**PROBLEM DESCRIPTION:** There are pictures in the records below; leave them out and set down exactly the lines from the one holding "papel pintado estilo" through the one holding "Nightwin ekibi şikâyetin".
SOURCE MATERIAL: Begin
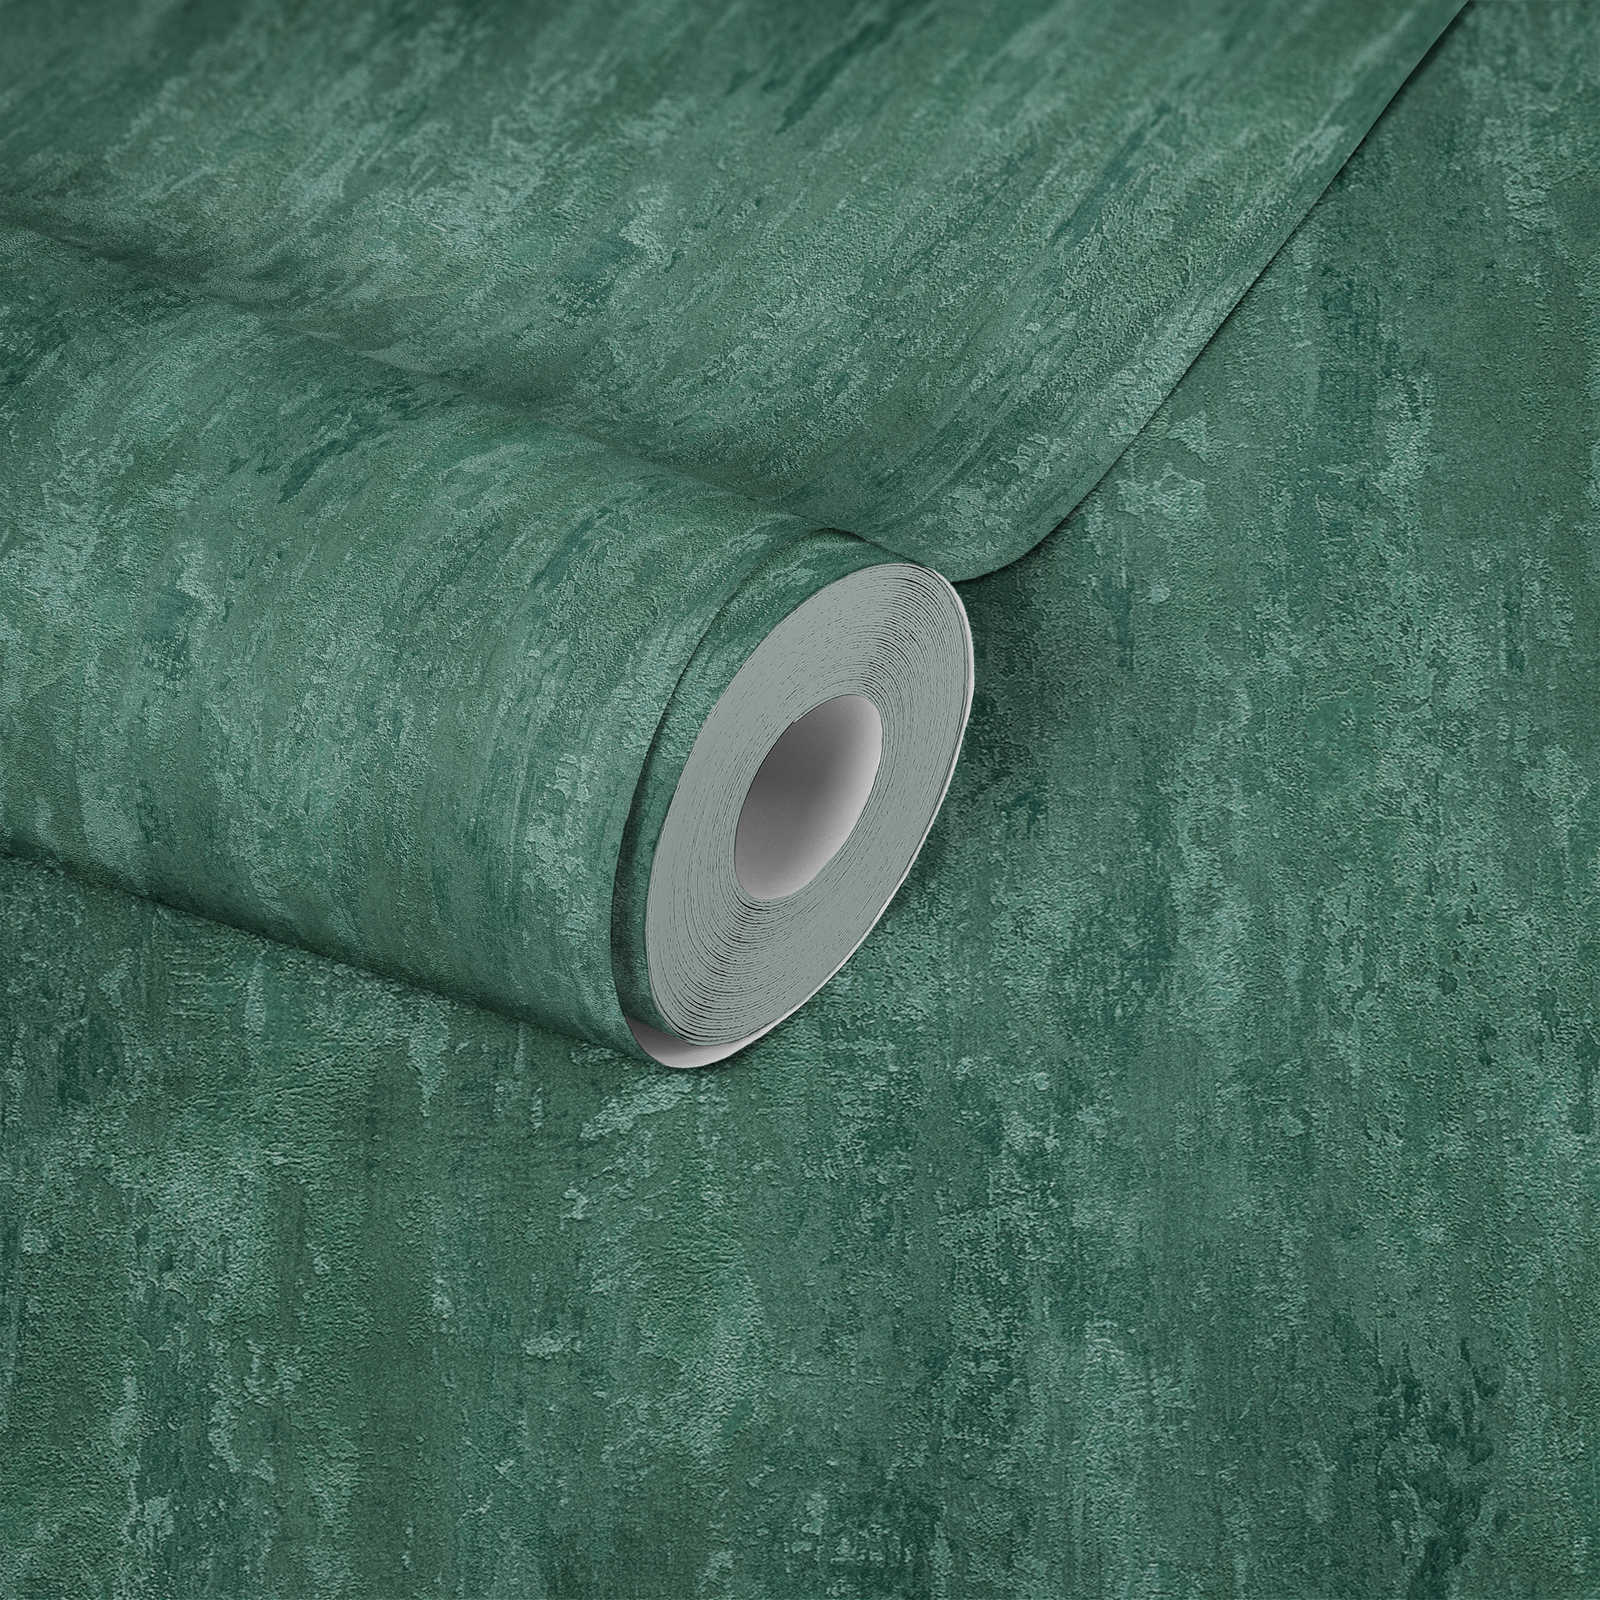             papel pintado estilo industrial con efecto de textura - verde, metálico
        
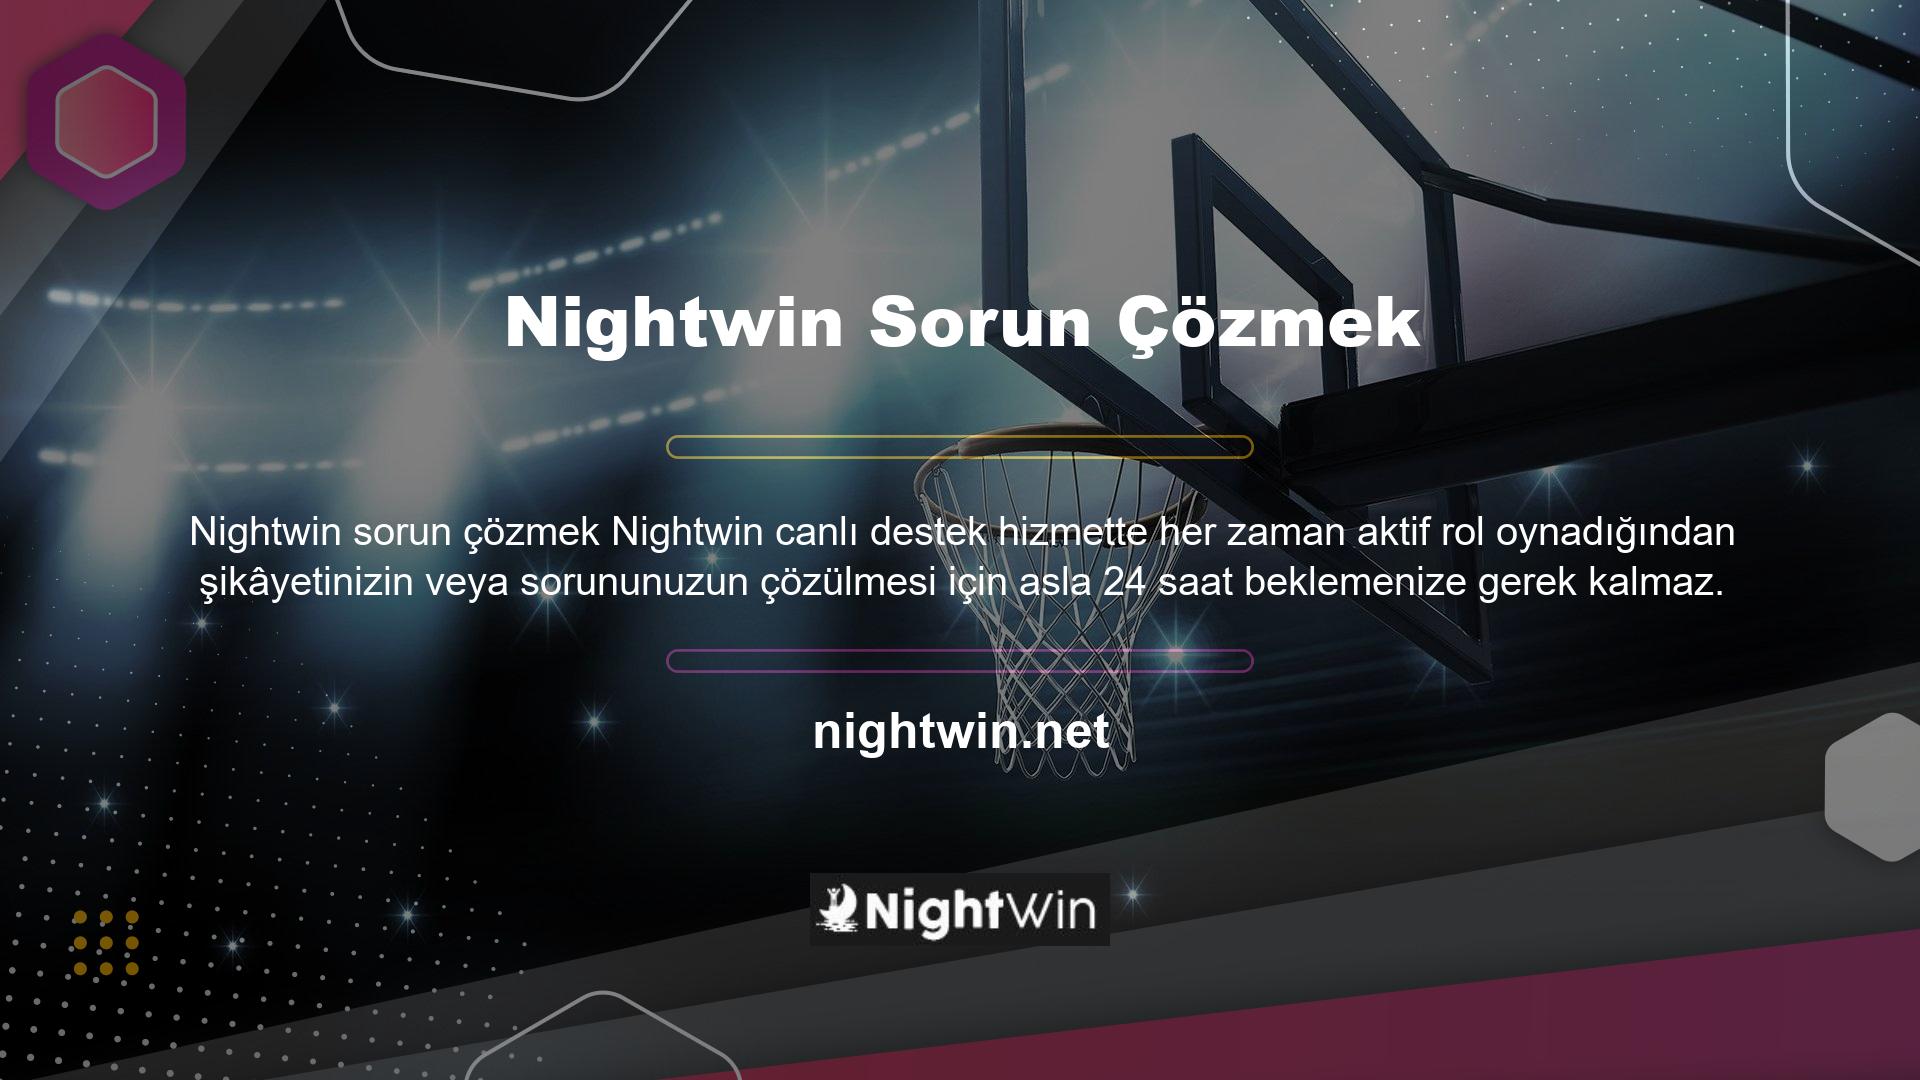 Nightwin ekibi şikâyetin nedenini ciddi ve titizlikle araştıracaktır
SOURCE MATERIAL: End
SOURCE MATERIAL: Begin
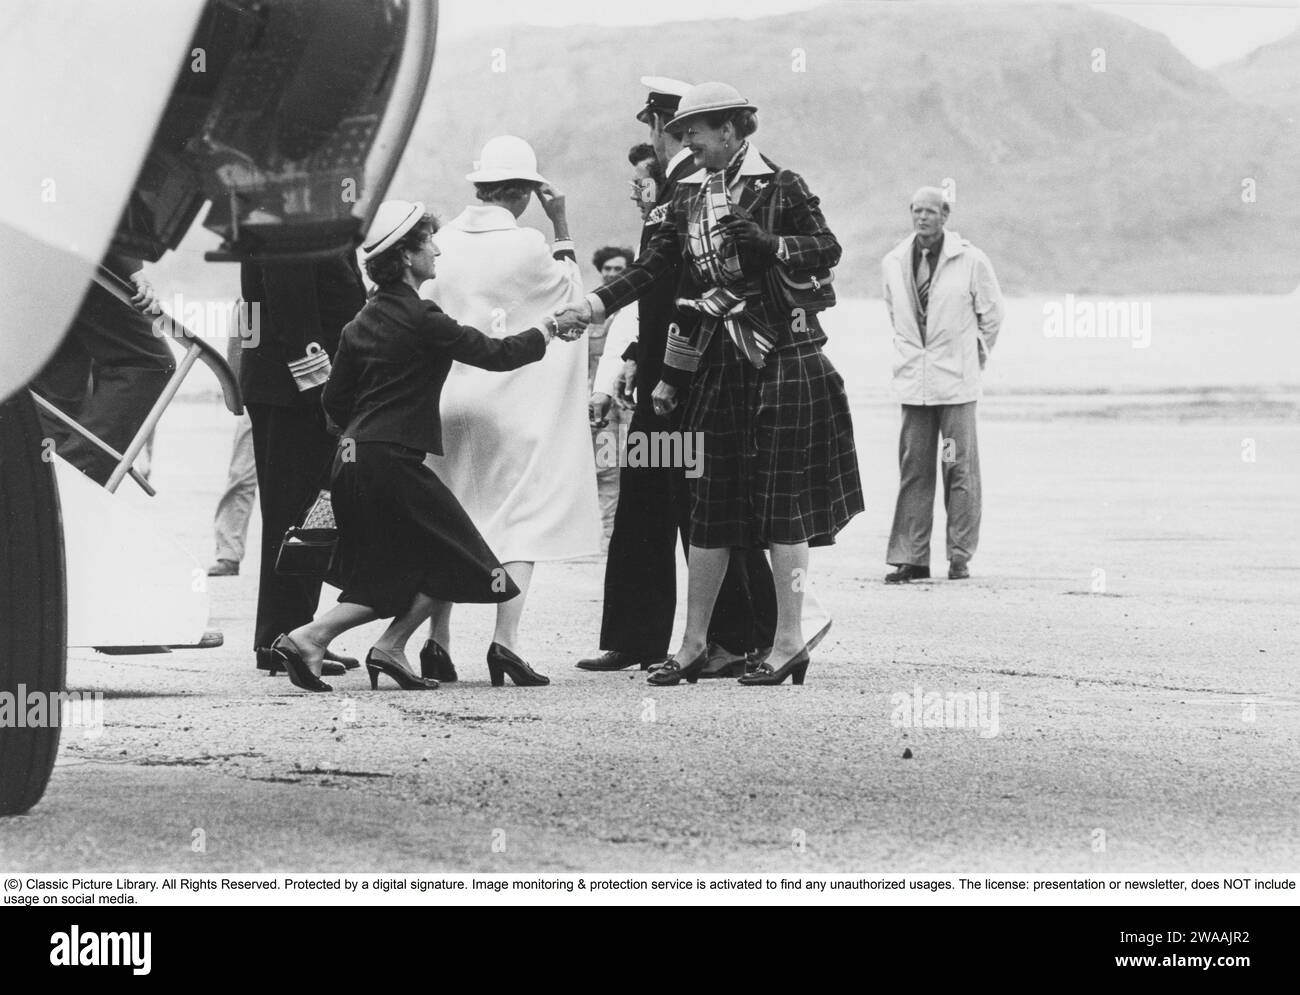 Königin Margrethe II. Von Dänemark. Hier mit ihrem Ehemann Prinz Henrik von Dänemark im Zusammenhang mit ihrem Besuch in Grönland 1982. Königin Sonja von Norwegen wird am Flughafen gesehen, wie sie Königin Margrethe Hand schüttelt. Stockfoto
SOURCE MATERIAL: End
**WRITTEN SOLUTION:**
             papel pintado estilo industrial con efecto de textura - verde, metálico
        
 Nightwin ekibi şikâyetin nedenini ciddi ve titizlikle araştıracaktır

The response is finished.